After a spell of treatment Belcher was up to carry on, but hobbling and unable to kick the ball further than a few yards. It got worse for Wick just a few minutes later when Ross Smith drilled the ball home from 20 yards out, Belcher a mere spectator as the ball whistled past him to give the home side a two goal cushion.

Just after the hour mark, a mix up once again between Stenning and his back four, presented Ben Grey with the chance to lob the ball home and reduce the deficit to 4-3 and some hope once again for the visitors.

As it was despite using their three substitutions Wick couldn’t find a way through to grab another equaliser and although Oak finished with ten men after Haulkham was sent off for a second yellow card they kept their composure for the final couple of minutes to seal their first win of the season and condemn Wick to their fourth defeat in just six league games.

A very young Oak team in places stood up well to the more experienced visitors line up, very impressed with Furnell for Mile Oak, took his goal well and won a lot of flick-on headers which gave his team mates chances to test Belcher.

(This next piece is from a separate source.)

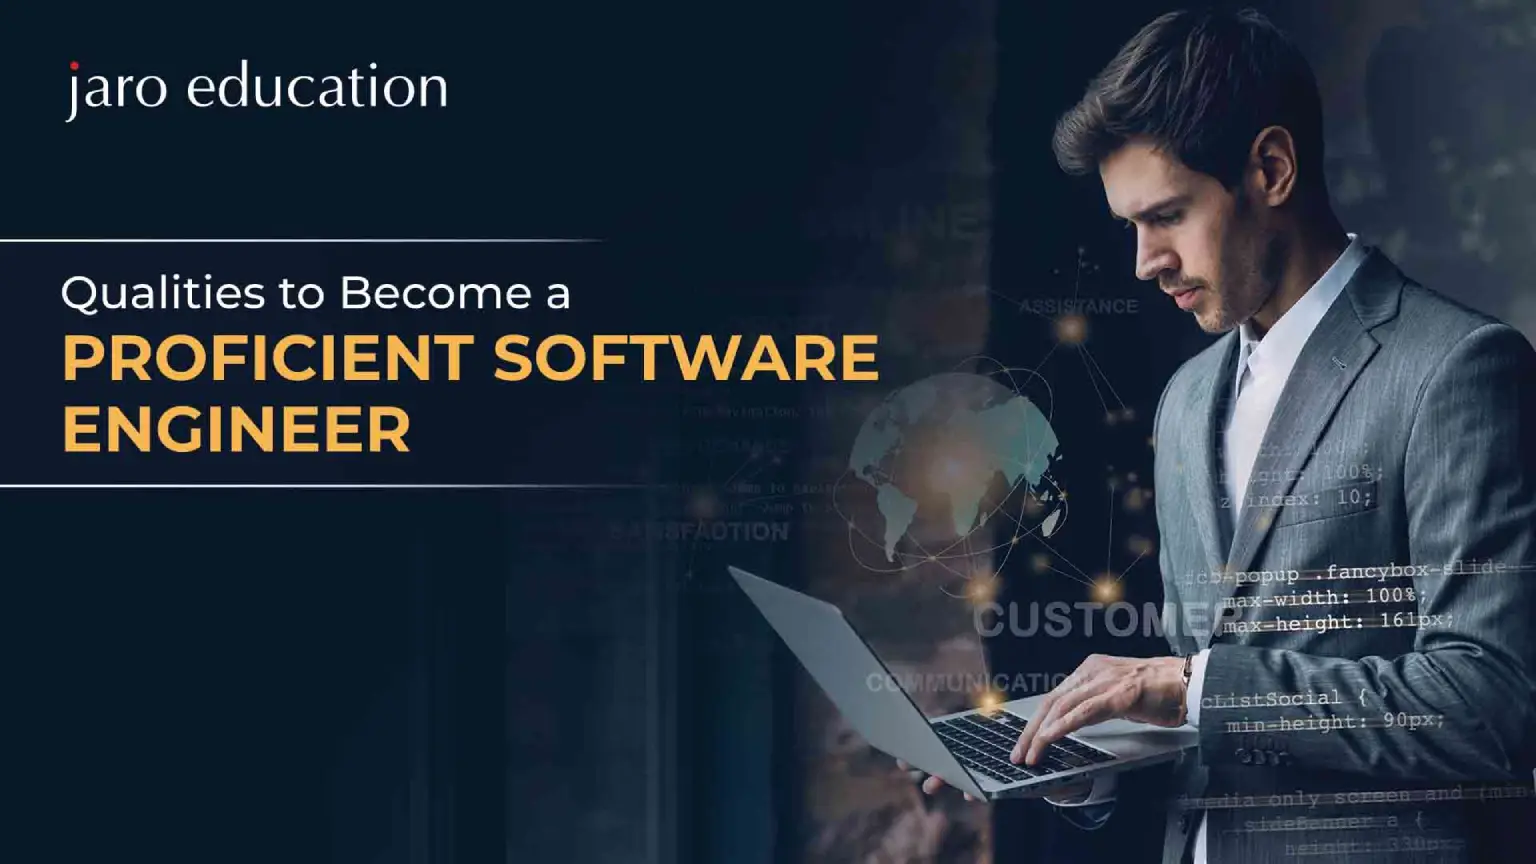 Qualities to Become-a Proficient Software Engineer

Bull stood out for Wick, not just with the two goals but his all round play made it look as if something would happen at times, but not enough Wickers added enough to the game which if they had would probably sent the three points home with them.

Based on the last few years, seven games is about the maximum you can lose if you want to be involved in the promotion race, not too many more can Wick allow to slip through their grasp if they want to get themselves out of this division at the top end, whilst this win might just kick off Oak’s season, some more answers will come on Bank Holiday Monday.